Collected data:

--------------------

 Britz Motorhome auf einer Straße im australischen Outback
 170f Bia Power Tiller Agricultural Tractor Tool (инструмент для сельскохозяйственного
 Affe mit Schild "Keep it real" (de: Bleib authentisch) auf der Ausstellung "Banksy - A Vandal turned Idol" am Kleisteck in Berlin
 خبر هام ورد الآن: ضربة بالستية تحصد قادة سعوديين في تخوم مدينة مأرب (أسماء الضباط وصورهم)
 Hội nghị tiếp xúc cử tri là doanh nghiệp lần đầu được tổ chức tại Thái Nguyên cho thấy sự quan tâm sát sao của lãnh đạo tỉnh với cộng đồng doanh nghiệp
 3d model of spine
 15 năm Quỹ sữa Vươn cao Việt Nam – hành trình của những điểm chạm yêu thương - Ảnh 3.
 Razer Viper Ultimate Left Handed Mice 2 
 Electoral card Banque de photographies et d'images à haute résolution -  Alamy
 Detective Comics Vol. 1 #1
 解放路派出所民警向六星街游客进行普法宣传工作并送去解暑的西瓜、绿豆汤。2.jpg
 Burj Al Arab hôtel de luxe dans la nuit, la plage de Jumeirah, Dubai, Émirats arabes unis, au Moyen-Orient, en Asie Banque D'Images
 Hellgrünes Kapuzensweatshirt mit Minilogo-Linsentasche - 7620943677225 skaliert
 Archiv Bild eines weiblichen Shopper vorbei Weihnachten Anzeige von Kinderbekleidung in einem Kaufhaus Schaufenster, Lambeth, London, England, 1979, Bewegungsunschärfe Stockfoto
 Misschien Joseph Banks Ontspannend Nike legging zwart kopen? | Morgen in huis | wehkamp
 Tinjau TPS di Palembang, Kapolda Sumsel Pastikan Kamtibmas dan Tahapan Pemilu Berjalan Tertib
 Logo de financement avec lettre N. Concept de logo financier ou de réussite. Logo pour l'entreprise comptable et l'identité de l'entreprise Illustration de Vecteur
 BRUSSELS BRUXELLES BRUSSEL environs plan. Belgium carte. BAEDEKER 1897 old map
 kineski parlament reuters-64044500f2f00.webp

--------------------

### EXERCISE GOAL
Collect each line above holding the string "Banque".

### TASK RESPONSE
 Electoral card Banque de photographies et d'images à haute résolution -  Alamy
 Burj Al Arab hôtel de luxe dans la nuit, la plage de Jumeirah, Dubai, Émirats arabes unis, au Moyen-Orient, en Asie Banque D'Images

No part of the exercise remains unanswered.